WWW2024

FreqMAE: Frequency-Aware Masked Autoencoder for Multi-Modal IoT Sensing

Denizhan Kara, Tomoyoshi Kimura, Shengzhong Liu, Jinyang Li, Dongxin Liu, Tianshi Wang, Ruijie Wang, Yizhuo Chen, Yigong Hu, Tarek F. Abdelzaher

27 citations

DOI Publisher

Abstract

This paper presents FreqMAE, a novel self-supervised learning framework that synergizes masked autoencoding (MAE) with physicsinformed insights to capture feature patterns in multi-modal IoT sensor data.
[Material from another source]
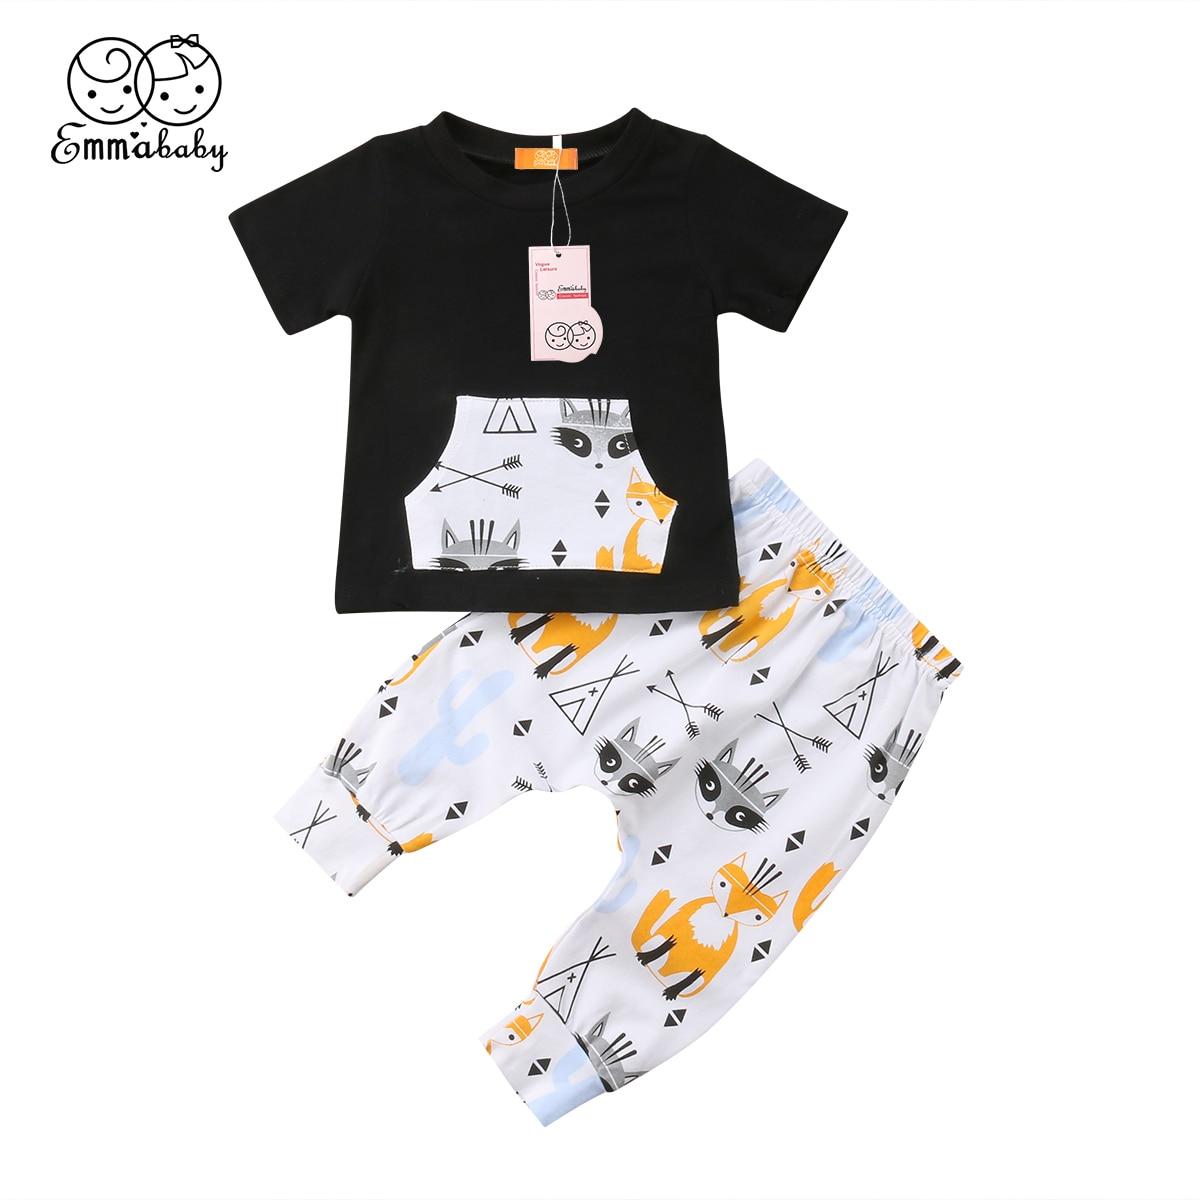 Комплект повседневной одежды из 2 предметов для маленьких мальчиков, футболка с коротким рукавом + штаны с принтом, хлопковые комплекты одеж...

FreqMAE enhances latent space representation of sensor data, reducing reliance on data labeling and improving accuracy for AI tasks. Differing from data augmentation-based methods like contrastive learning, FreqMAE's approach eliminates the need for handcrafted transformations. Adapting MAE for IoT sensing signals, we present three contributions from frequency domain insights: First, a Temporal-Shifting Transformer (TS-T) encoder that enables temporal interactions while distinguishing different frequency bands; Second, a factorized multi-modal fusion mechanism for leveraging cross-modal correlations and preserving unique modality features; Third, a hierarchically weighted loss function that emphasizes important frequency components and high Signalto-Noise Ratio (SNR) samples. Comprehensive evaluations on two sensing applications validate FreqMAE's proficiency in reducing labeling needs and enhancing resilience against domain shifts. CCS CONCEPTS • Computing methodologies → Artificial intelligence.